The found words are chunked into bucket documents that are 128 x 128 letters in size. Each stored word belongs to the tile containing its starting cell, which keeps reads and realtime subscriptions local to the area a player is currently viewing. This vastly reduces Firestore reads, which are per-document rather than bandwidth-metered, and results in a better experience either way.

Loading the densely packed origin would result in several thousand firestore reads per user if a naive each-word-is-a-document approach was taken. Instead, it just loads 4 to 8 “chunk” documents. The encoding inside each chunk is also optimized to be compact. A word is stored as:

- a starting position within the tile
- a simple integer array of directions
- the word itself is irrelevant

So rather than saving every coordinate in a path like [[10, 4], [11,4], [12,4], [12,5]] - we instead encode direction, rather than coordinates - as in “[3, 3, 1]” (down, down, right). This seemingly tiny change will reduce the size of chunk payloads by around 35%. Chunks aren’t a bandwidth sink in the scheme of things - but this encoding also becomes relevant in frontend performance, since when rendering our highlights, we can reuse “shapes” of highlighted words, rather than building the path each time.

Rendering performance

In the above example, all the circled words can use a drawImage with the same source, because the path is the same. When rendering 1000s of highlighted words on the screen, every bit of caching helps. You’ll notice that the “shape” is rotated - our earlier encoding allows us to really easily map word ‘paths’ even to rotated ones - when searching our dictionary of “shapes” - normalize the first value to ‘1’ to account for rotations. EG [3,3,1] becomes [1,1,3] in our dictionary - with each integer just referring to a 90 degree clockwise rotation.

Back to letters - similarly to how the backend groups words into chunks, the frontend will abstract the board into chunks too. These chunks have multiple scales and resolutions, which is how Google Maps, Leaflet, and plenty of other zoomable interfaces work as well. Using a preexisting library was eschewed in favor of a custom-built (slop coded) design, for the weird needs of an infinite collaborative word search. At the furthest zoom, on some devices you can see over one million letters at once!

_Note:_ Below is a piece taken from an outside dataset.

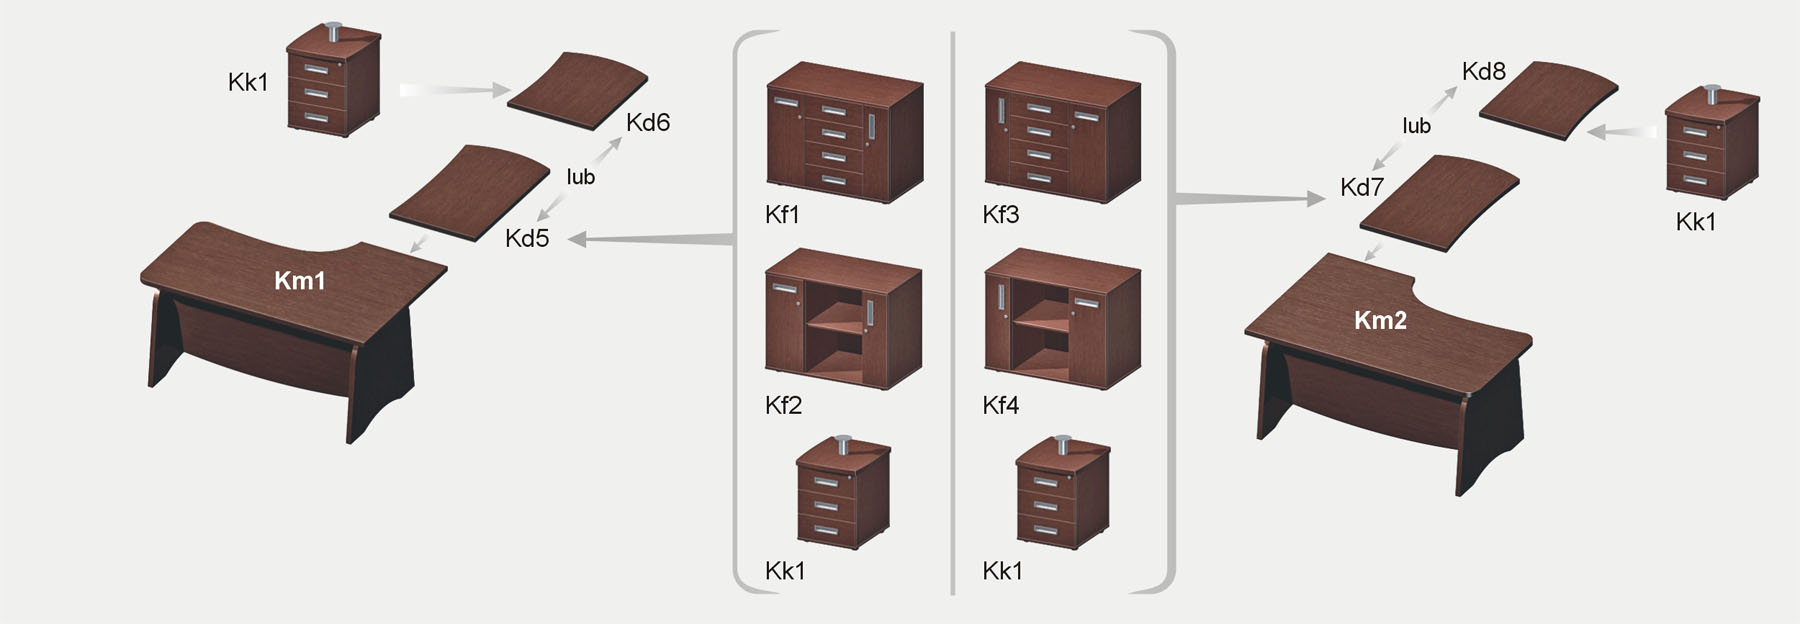 biurka gabinetowe Km1 i Km2 - konfiguracja

Instead of repainting every visible letter from scratch every frame, the app pre-renders bitmap chunks and then reuses those bitmaps while you pan. The level of zoom informs the size of these chunks. In the current implementation, that ranges from tiny close-up chunks of 8 cells with high-fidelity sprites, all the way out to 256-cell chunks at low zoom. The sprite sizes scale similarly, from detailed 128x128 pixel characters down to an unreadable but accurate 3x3 pixel per character. Past that level of zoom, we just render random noise, and it’s almost impossible to tell it’s different from the real characters. Sue me!

Web Worker + OffscreenCanvas

One of the biggest performance gains came from leaning hard on `OffscreenCanvas`, especially inside a Web Worker.

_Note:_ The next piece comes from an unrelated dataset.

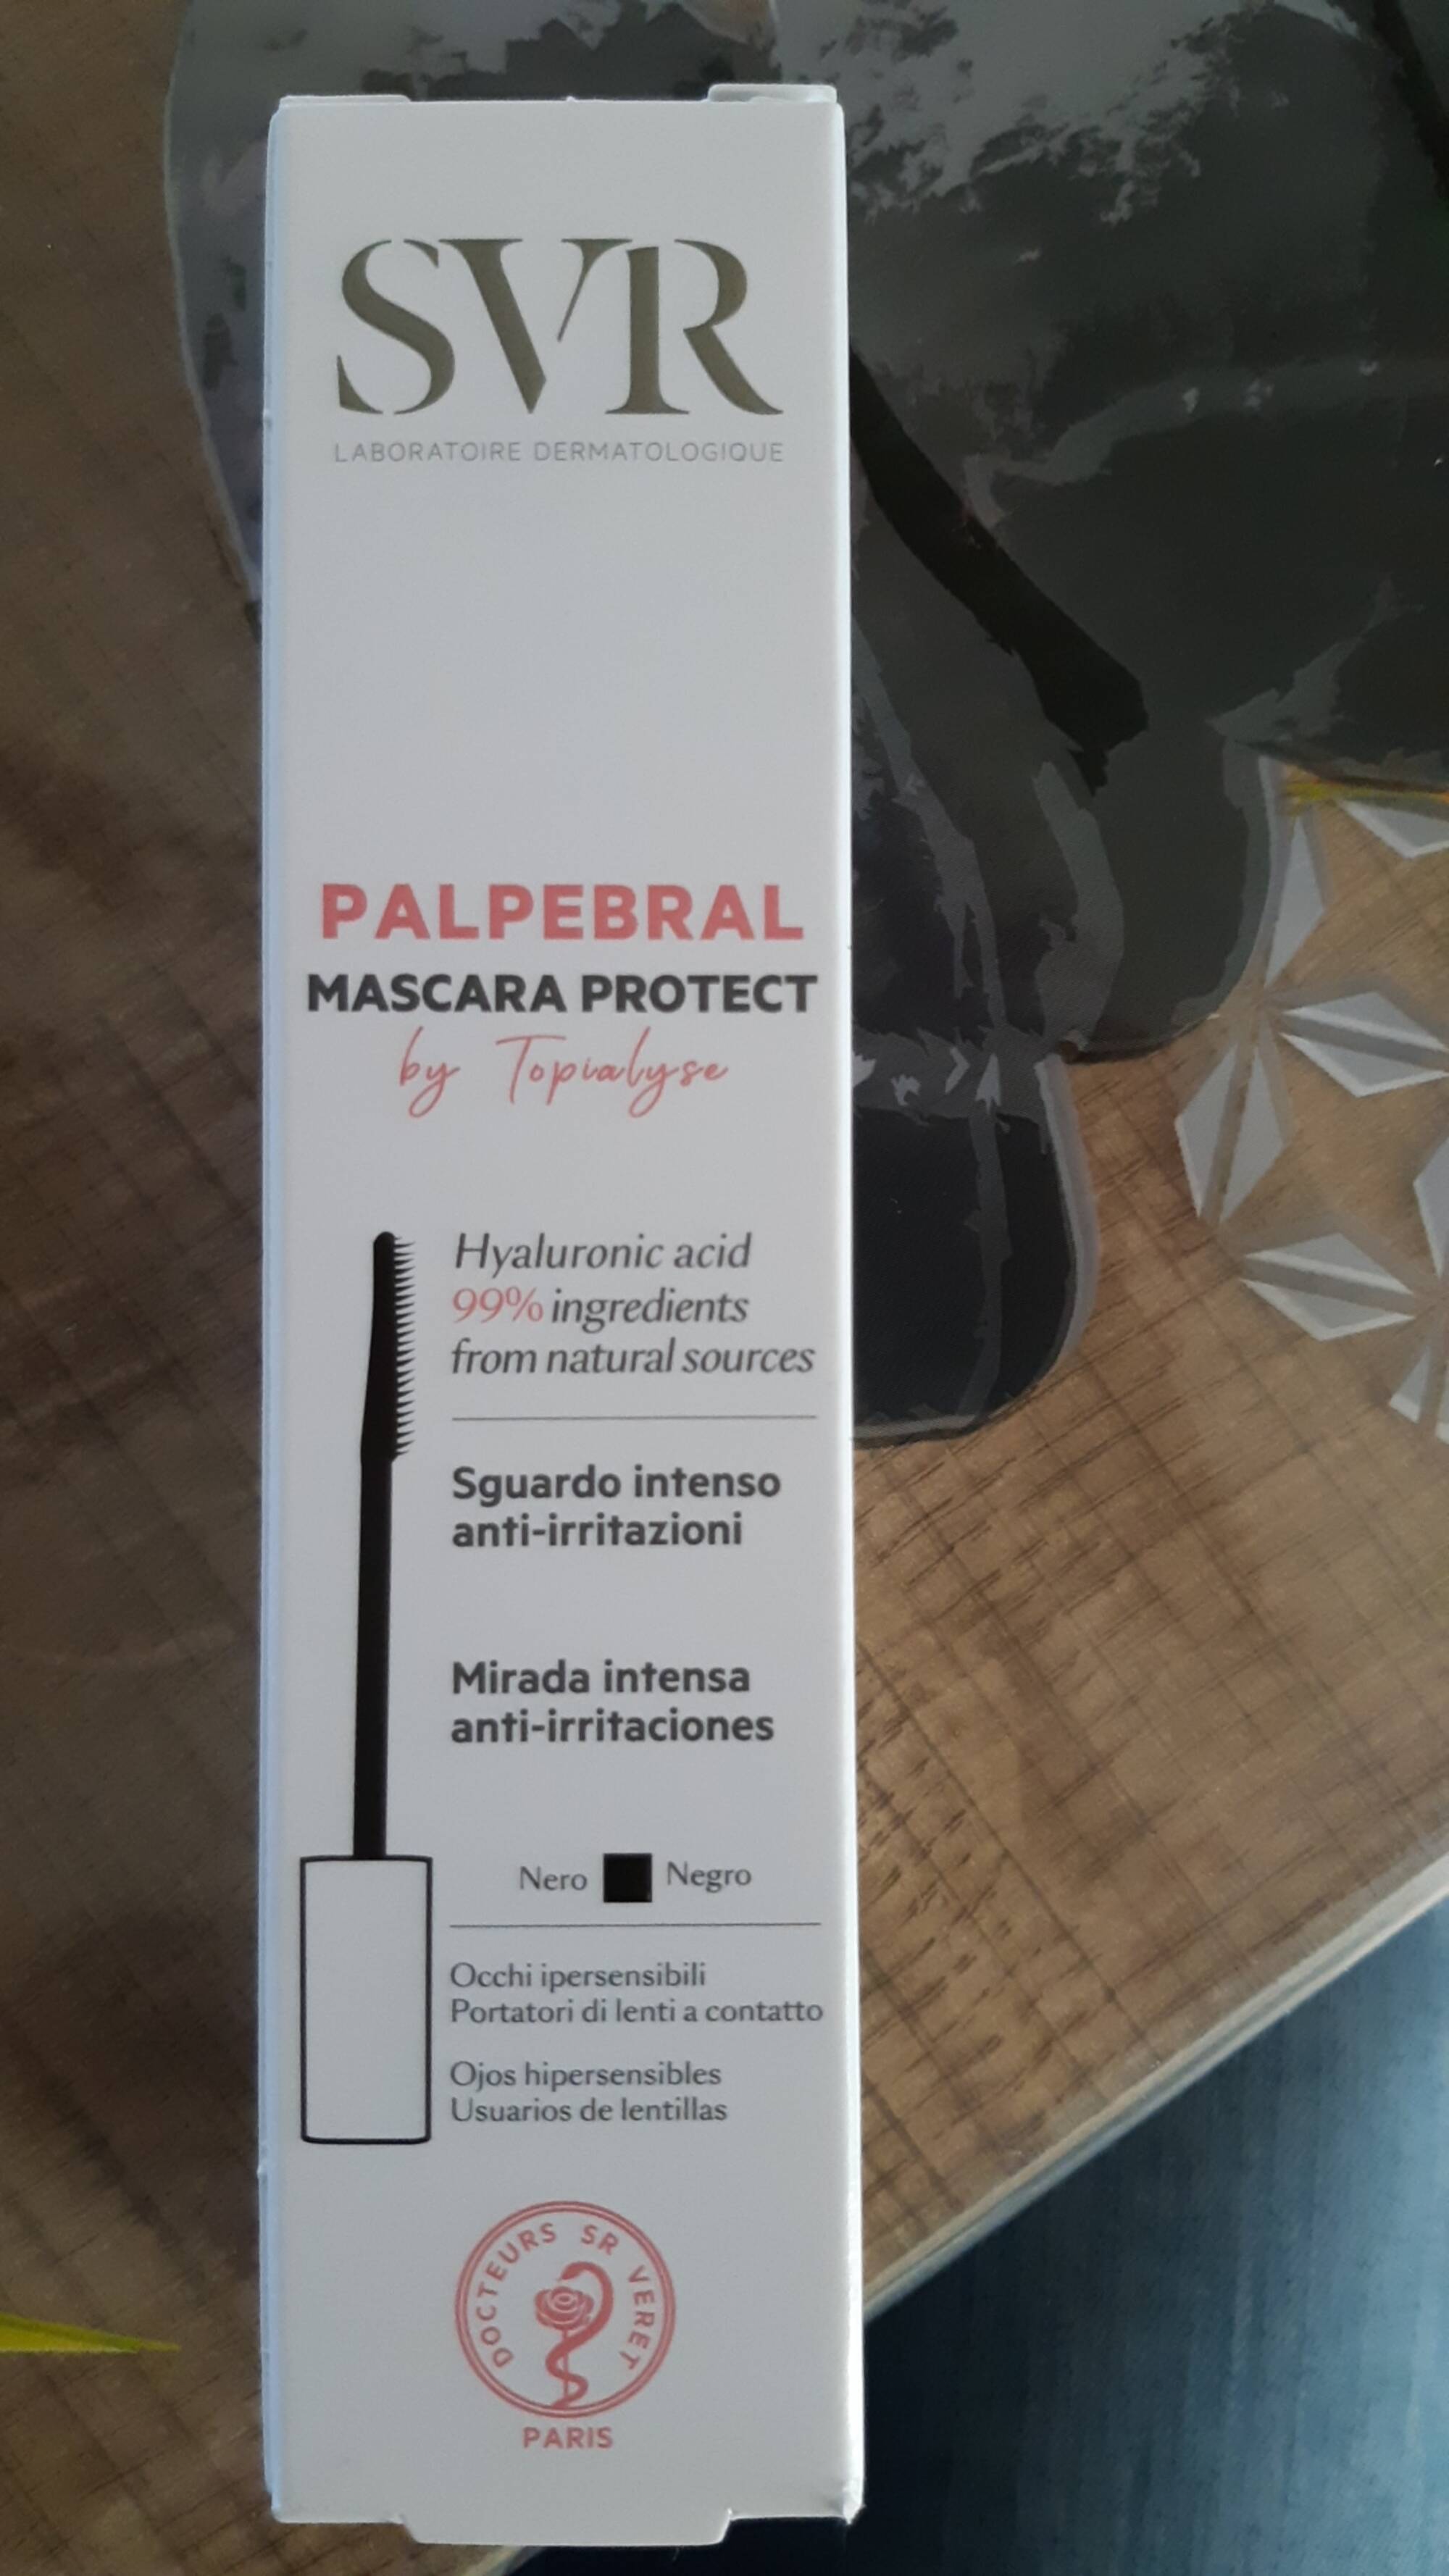 SVR LABORATOIRE DERMATOLOGIQUE - Palpebreal - Mascara protect

As mentioned, we render chunks at once, so they can be cached and reused while you pan or zoom. In earlier versions - all of that chunk generation would compete directly with input handling and the visible canvas on the main thread. Meaning that panning would stutter and the whole experience would feel sticky.

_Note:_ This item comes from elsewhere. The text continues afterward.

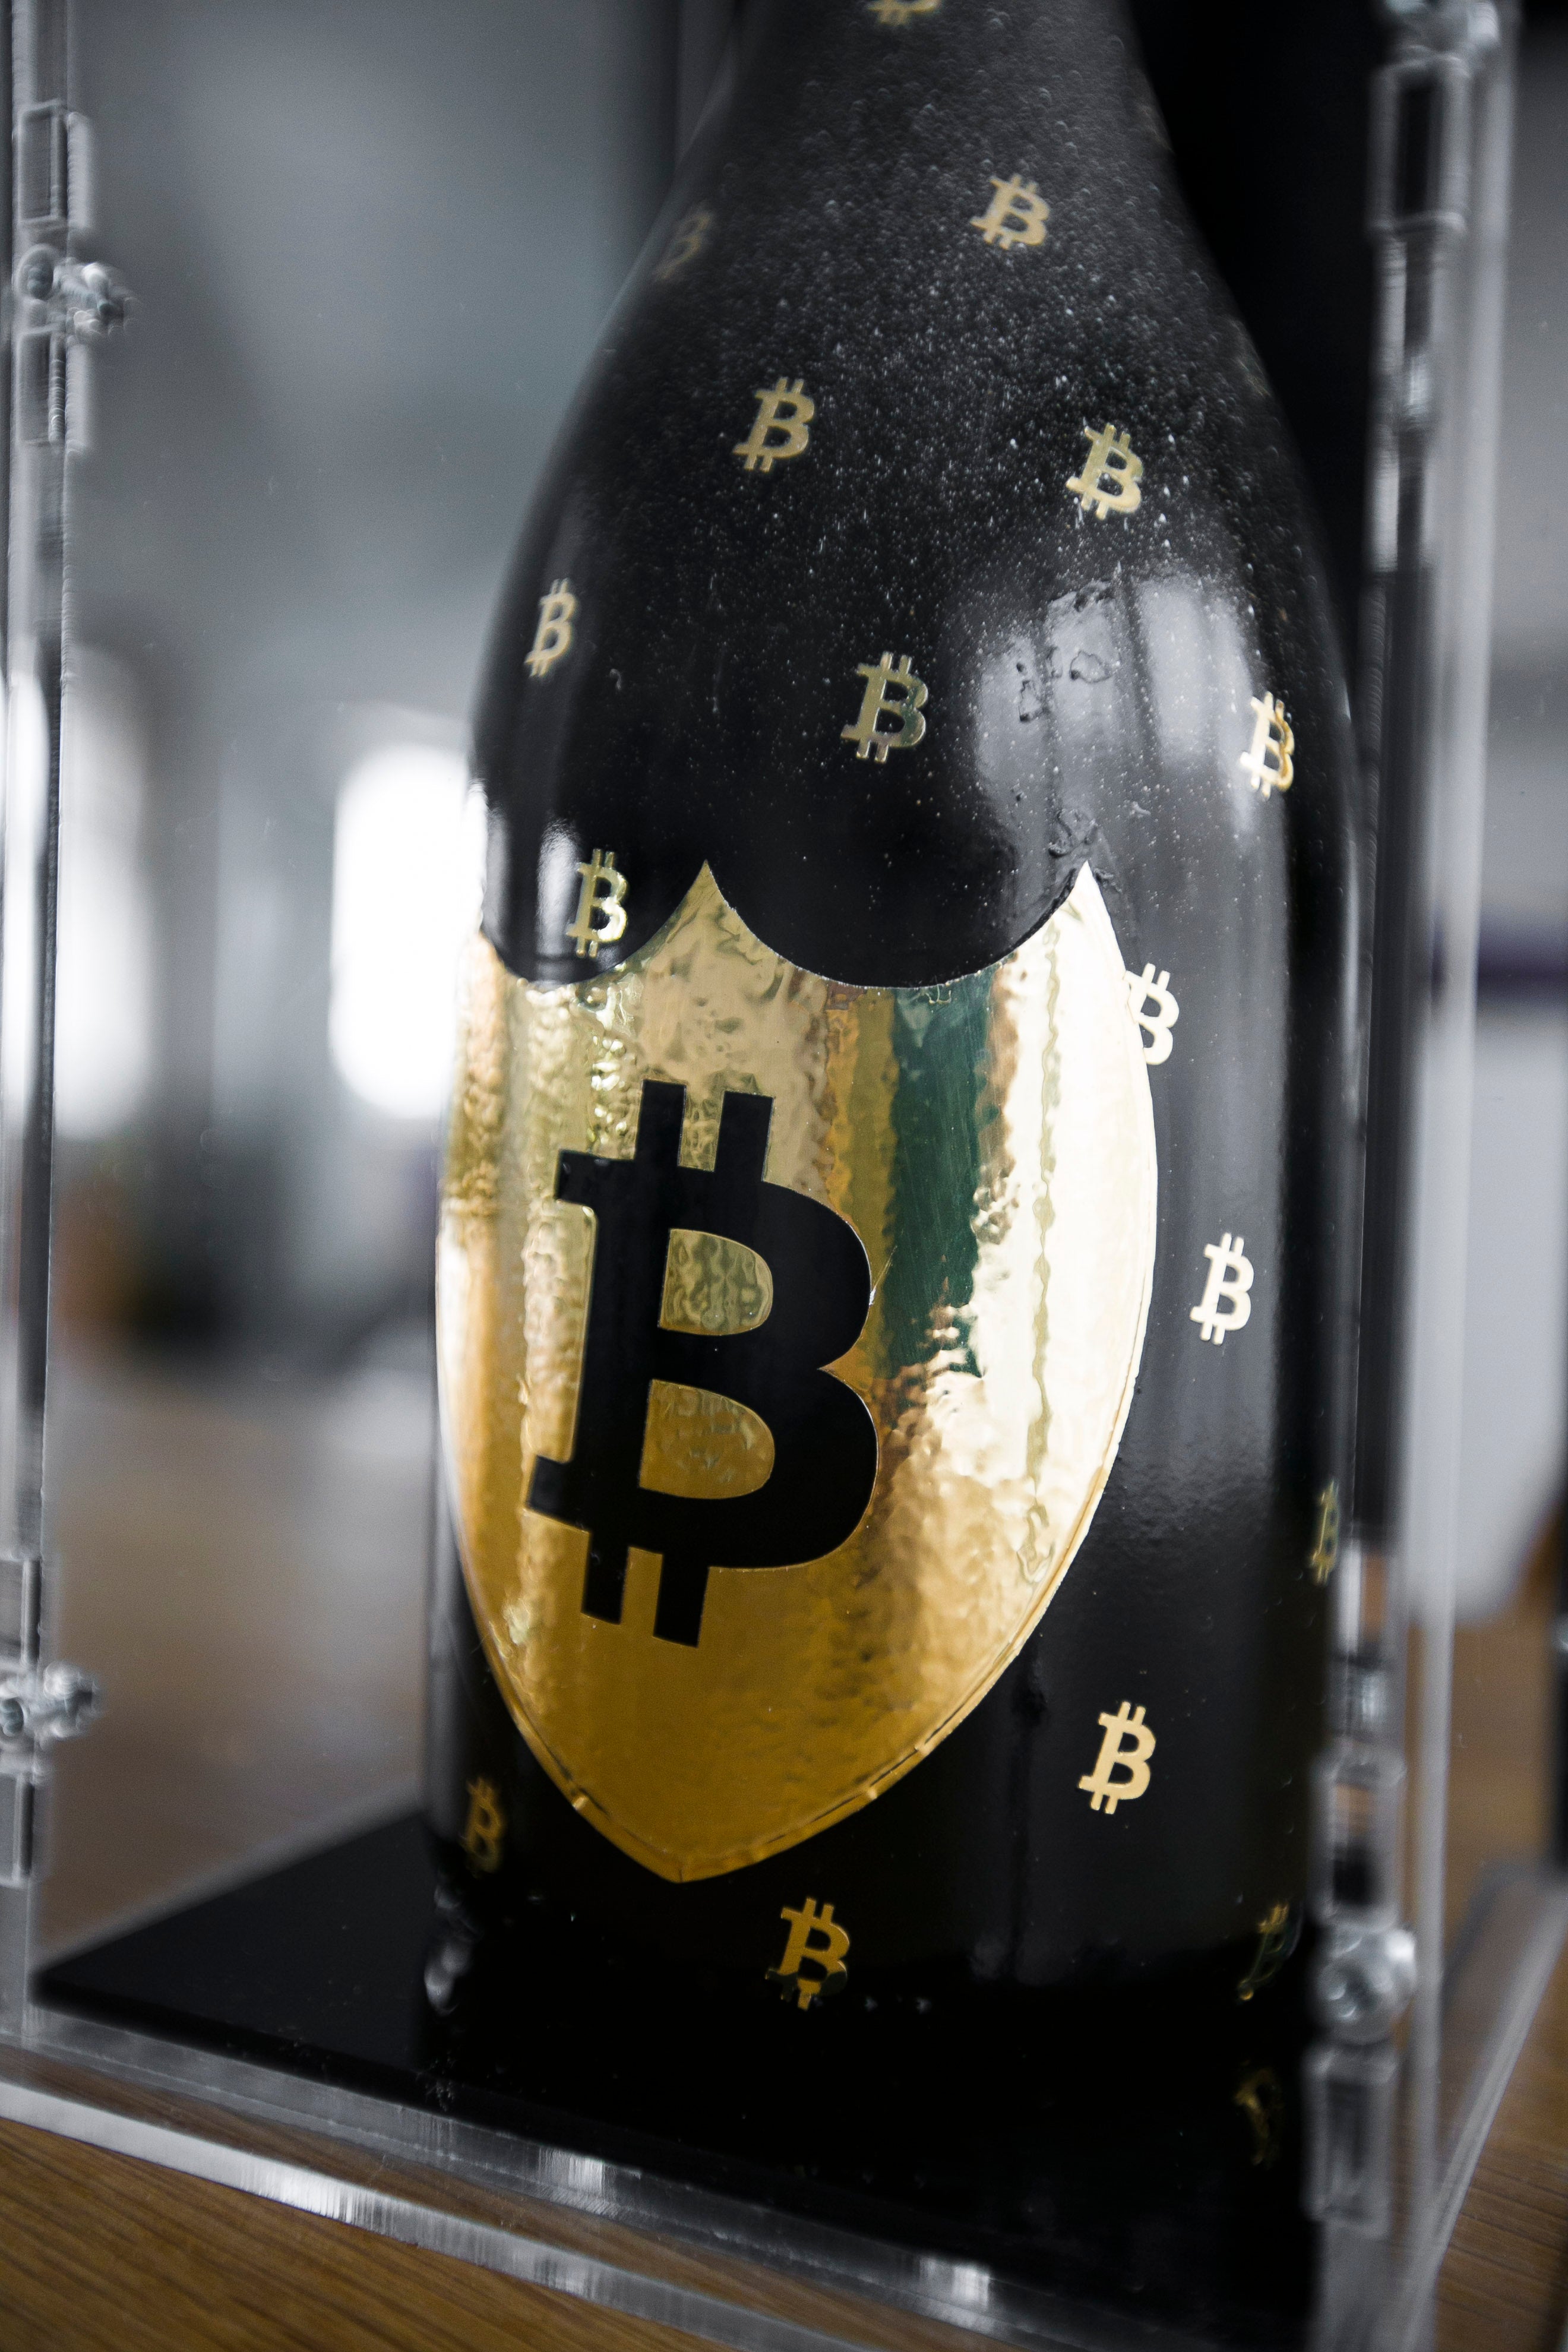 Bitcoin Bottle “Mass Adoption”

Migrating to using OffscreenCanvas in a WebWorker vastly improved the feel of the app. A worker receives a request to render a chunk, uses `OffscreenCanvas` to rasterize the letters and highlights for that chunk, converts the result into an `ImageBitmap`, and sends it back to be composited on screen.

Now, instead of stuttering when your device is slow, panning can still feel smooth because input and camera movement are not blocked by rasterization. The slowness shows up as a delay before the tiles you just panned to become fully sharp, rather than as hitching and dropping frames while dragging.